The judgment followed an appeal by INEC against the decision of the Court of Appeal, Abuja Division which had voided the deregistration of the political parties.
INEC had on February 6, 2020 de-registered 74 political parties for failing to win any political office in the last general election.
The Advanced Congress of Democrats (ACD) and 21 other parties headed to the Federal High Court Abuja to challenge their deregistration by INEC.
In a judgment on June 11, 2020, the trial Court dismissed the suit on the grounds that INEC was empowered to de-register parties that failed to win elections.

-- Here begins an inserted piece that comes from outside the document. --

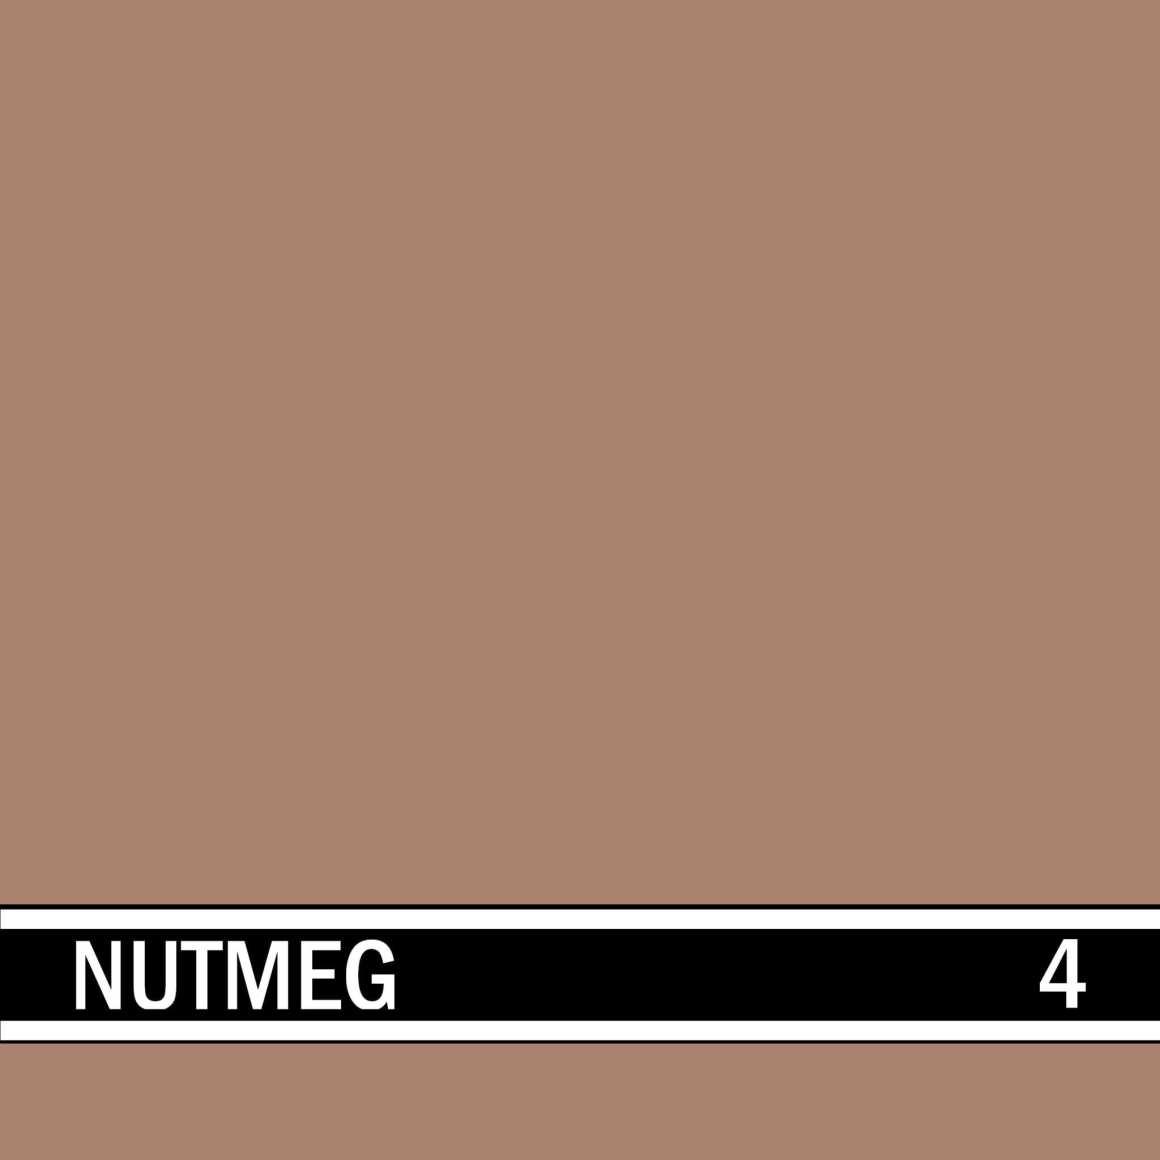 Nutmeg integral concrete color for stamped concrete and decorative colored concrete

The court held that Section 225(a), (b) and (c) of the Constitution could be construed disjointively to imply that INEC possesses the power to deregister parties.
On appeal to the Court of Appeal, Abuja, the appellate court, in its judgment in August 2020 said although INEC could de-register parties, it was wrong to have deregistered ACD and 21 other parties while their case was pending in court.
The political parties were among the 74 deregistered in 2020 by INEC following their dismal performances past elections.
In a lead judgment on Friday, Justice Ejembi Eko of the Supreme Court set aside the verdict of the court below, stressing that the appellate Court on its own (suo motu) raised the issue of lack of fair hearing in favour of the 22 deregistered political parties and arrived at a conclusion without hearing from other parties in the matter.
“This appeal by INEC is meritorious and is hereby allowed.
“The decision of the court below is set aside” Justice Eko held.
Justice Eko opined that proceeding to give judgment in such a situation as done by the Court of Appeal ran contrary to the pillar of the same fair hearing and as such, “its findings and conclusion cannot stand.
“It is not the basic functions of any court to raise a fundermental issue suo motu and come to the conclusion without being addressed by parties in the matter.
“Such action runs foul of the pillar of the fair hearing itself” Justice Eko held.
It was the contention of the apex court that the Court of Appeal took out the issue of fair hearing out of the contemplations of the notice of appeal filed by the political parties but refused to do the needful in order to be fair to others in the matter.
Specifically, the Supreme Court said that the Court of Appeal erred in law by raising the issue of fair hearing in favour of the political parties suo motu and declined to give opportunity to other respondents to address it on the matter in order to arrive at a just conclusion.